Math 365 Poisson Process

Due: ¾/2014

Poisson process simulations

Running the simulation code and plotting for \( \lambda \in \{1,2,3,4,5,6,7\} \):

# Poisson process simulations
for (lambda in 1:7) {
  maxcustomers <- 100

  # independent exponentially distributed waiting times T_n
  T <- rexp(maxcustomers, rate = lambda)
  hist(T, xlab = "nth customer", ylab = "Interarrival time T_n", main = paste("lambda=", 
      lambda))

  # cumulative sum Y_n=T_1+...T_n
  Y <- cumsum(T)
  plot(Y, xlab = "nth customer", ylab = "Arrival time Y_n")
}

plot of chunk unnamed-chunk-1

The exponential distribution of arrival times decays at a much faster rate as \( \lambda \) is increased. This makes sense because the time constant of the exponential is related by \[ \lambda = \frac{1}{\tau} \].
- In the case \( \lambda=1 \), we see that the average arrival rate \( \frac{100}{97}=1.031 \).
- In the case \( \lambda=2 \), we see that the average arrival rate \( \frac{100}{55}=1.818 \).
- In the case \( \lambda=4 \), we see that the average arrival rate \( \frac{100}{27}=3.703 \).
- In the case \( \lambda=6 \), we see that the average arrival rate \( \frac{100}{16}=6.250 \).
Slope should be equal to \( \lambda \)

Real life example

  f <- read.table(file = "CoalMineAccidents.csv", sep = ",", header = TRUE)
  summary(f)

  ##       Days        Casualties   
  ##  Min.   :   0   Min.   : 10.0  
  ##  1st Qu.:  34   1st Qu.: 16.0  
  ##  Median :  96   Median : 27.0  
  ##  Mean   : 159   Mean   : 55.7  
  ##  3rd Qu.: 215   3rd Qu.: 63.0  
  ##  Max.   :1205   Max.   :439.0

  hist(f[, "Days"], freq = FALSE)  # density plot

plot of chunk unnamed-chunk-3

Estimating \( \lambda = 0.0065 \)

lambda <- 0.0065
hist(f[, "Days"], freq = FALSE, main = paste("Density estimate lambda=", lambda))  # density plot
lines(lambda * exp(-lambda * 0:1200))

plot of chunk unnamed-chunk-4

```
Y <- cumsum(f[, "Days"])
plot(Y, xlab = "Number of Days", ylab = "Cumulative sum of accidents")
```
For the most part yes, it seems like the slope of the cumuative sum function is independent of time, which implies that the probability density function is time homogeneous.
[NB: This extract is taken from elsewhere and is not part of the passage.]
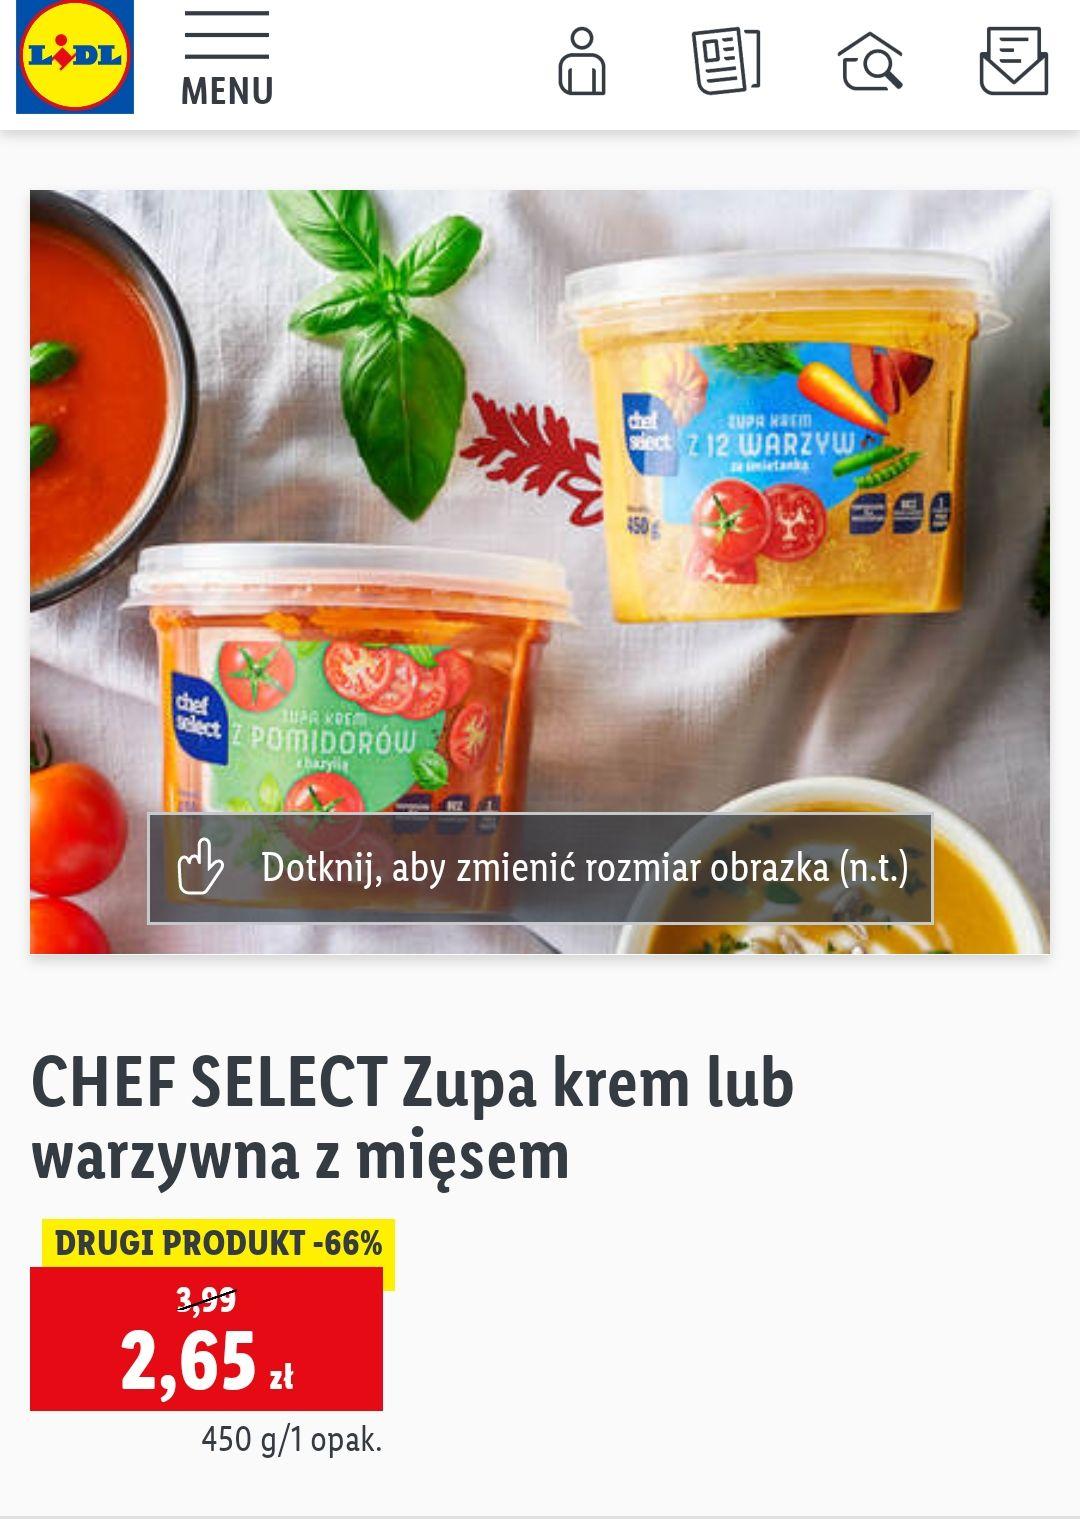 Zupa krem lub warzywna z mięsem 450g w Lidl. Cena przy zakupie dwóch.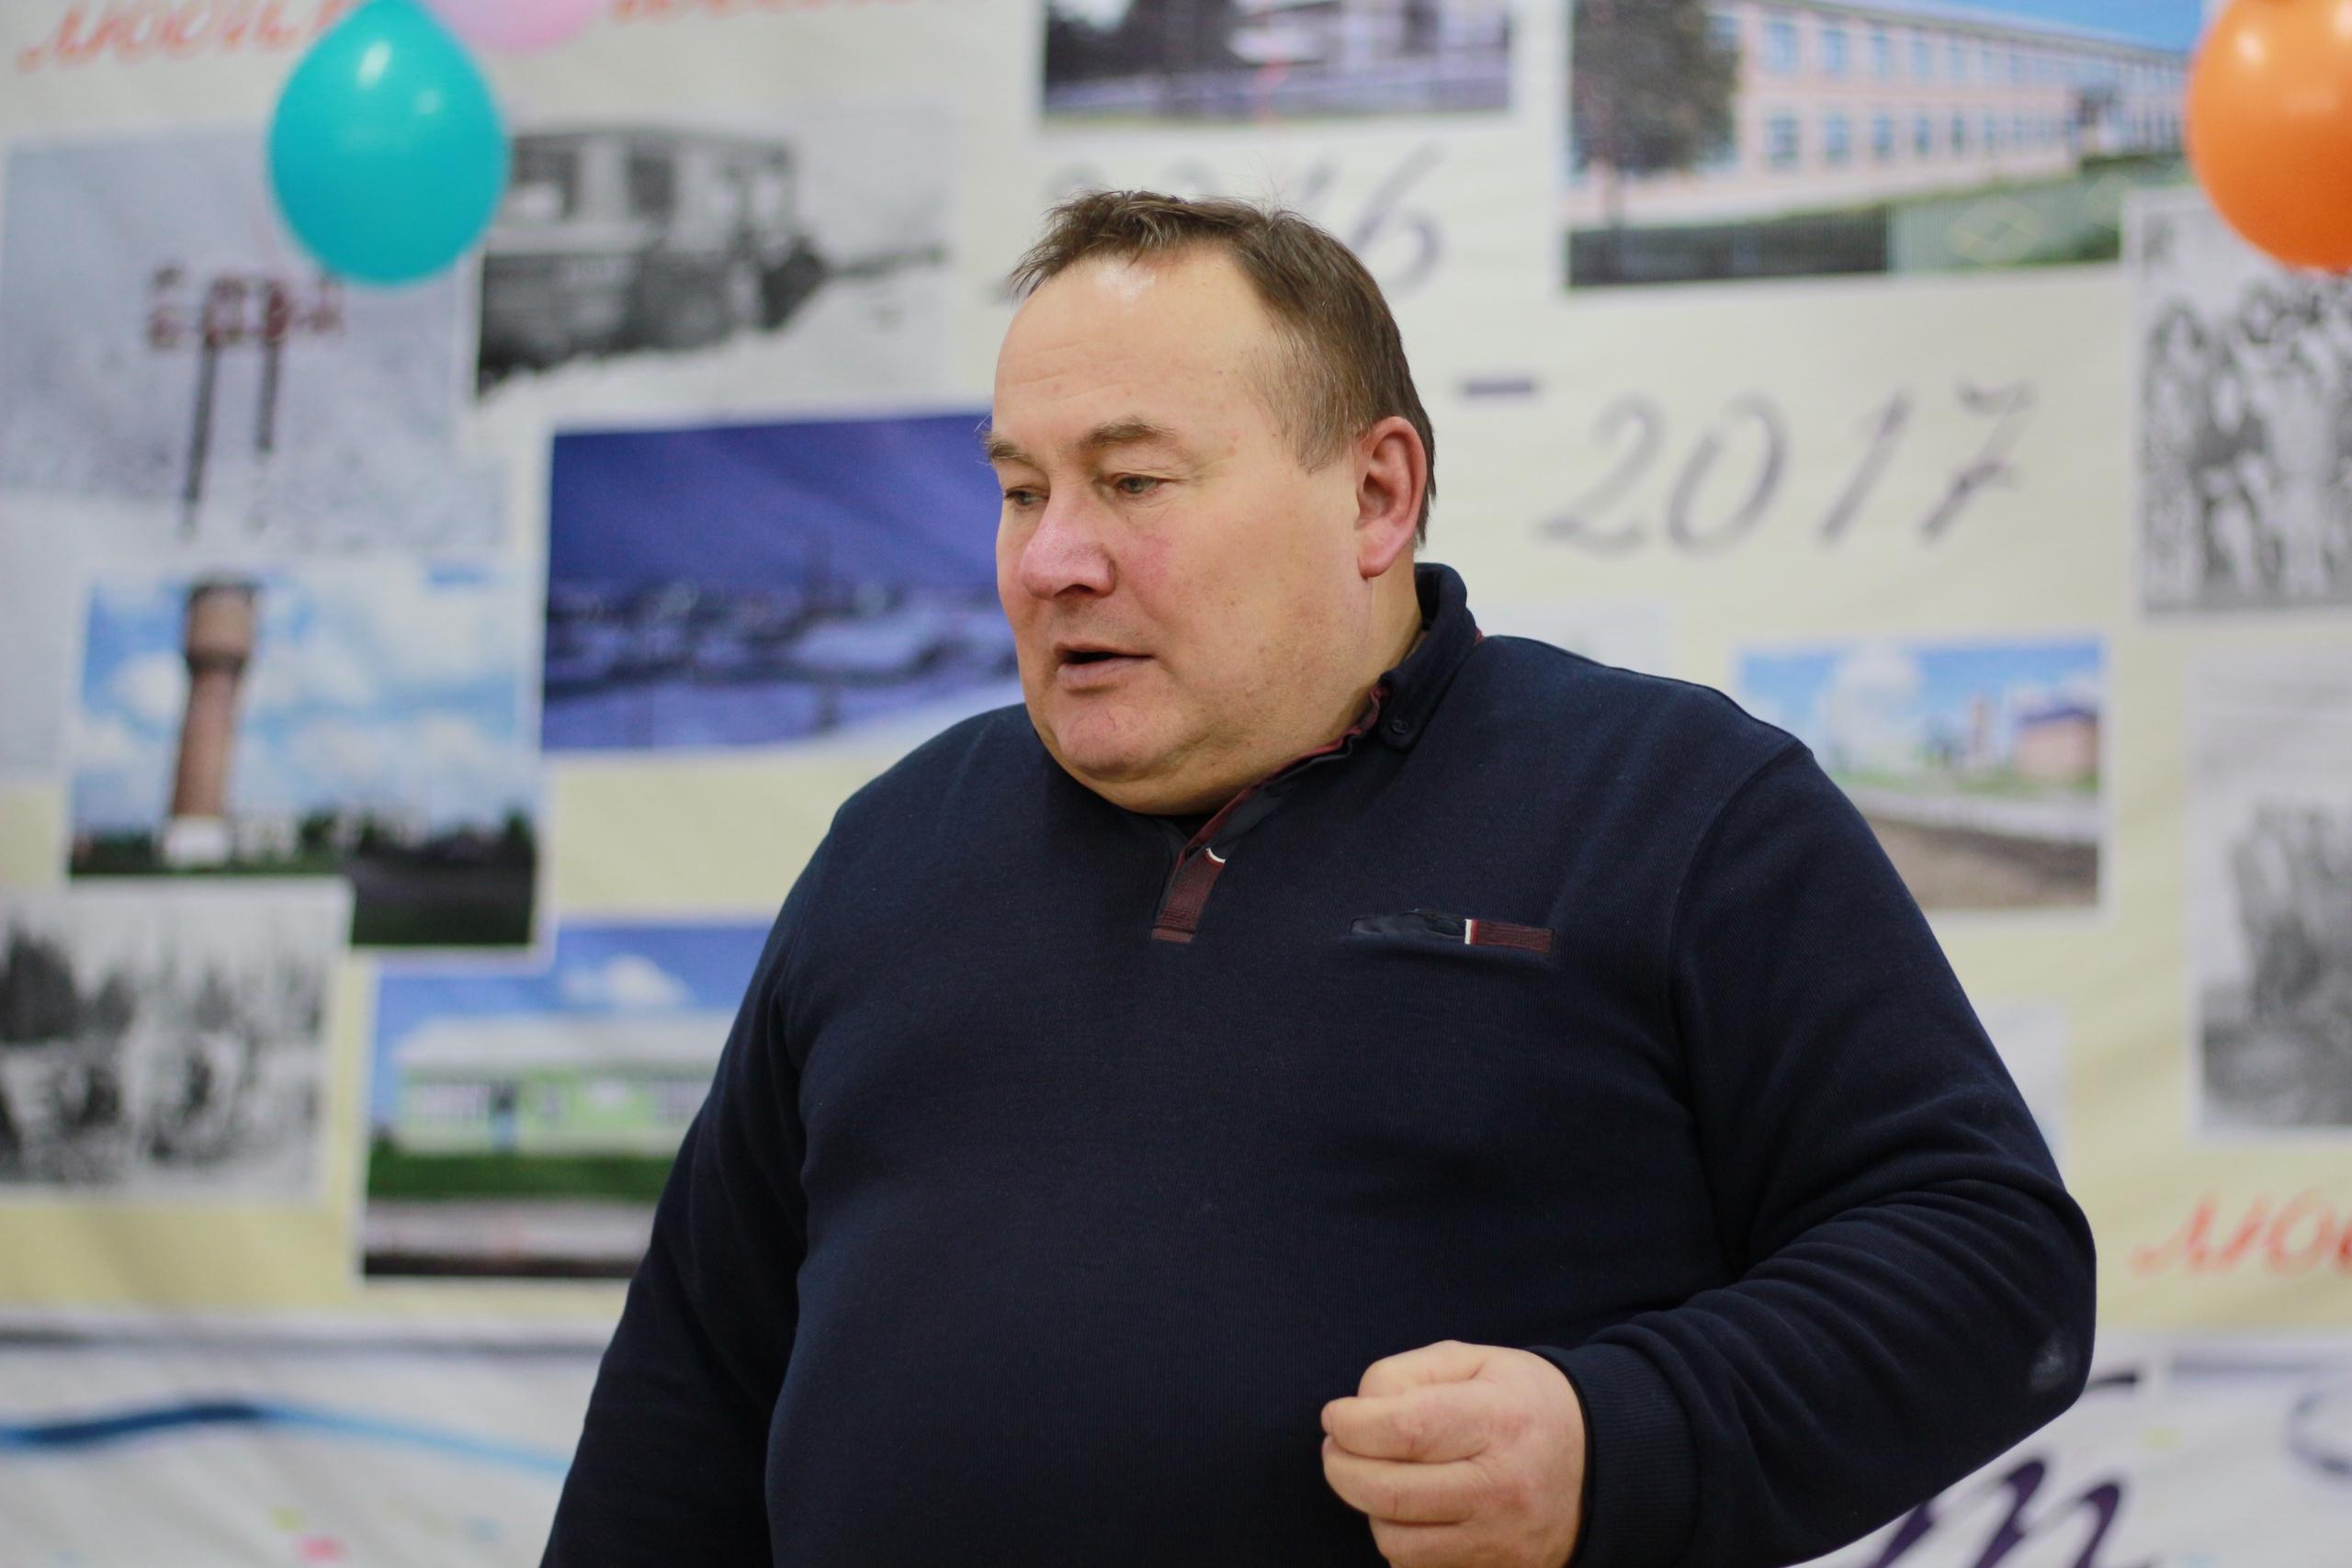 Руководитель администрации Николай Жилин провел встречу с населением п. Вожский, п. Едва, п. Междуреченск

However, this does not hold for the interval \( [120,153] \) where the slope (and hence the PDF) seems to vary over time.

f.subset1 <- f[1:120, "Days"]
lambda1 <- 0.009
hist(f.subset1, freq = FALSE, main = paste("Density estimate lambda=", lambda1))  # density plot
lines(lambda1 * exp(-lambda1 * 0:1200))

plot of chunk unnamed-chunk-6


f.subset2 <- f[121:153, "Days"]
lambda2 <- 0.0022
hist(f.subset2, freq = FALSE, main = paste("Density estimate lambda=", lambda2))  # density plot
lines(lambda2 * exp(-lambda2 * 0:1200))

plot of chunk unnamed-chunk-6

Our estimates on the separated datasets are \( \lambda_1=0.009 \) and \( \lambda_2=0.0022 \).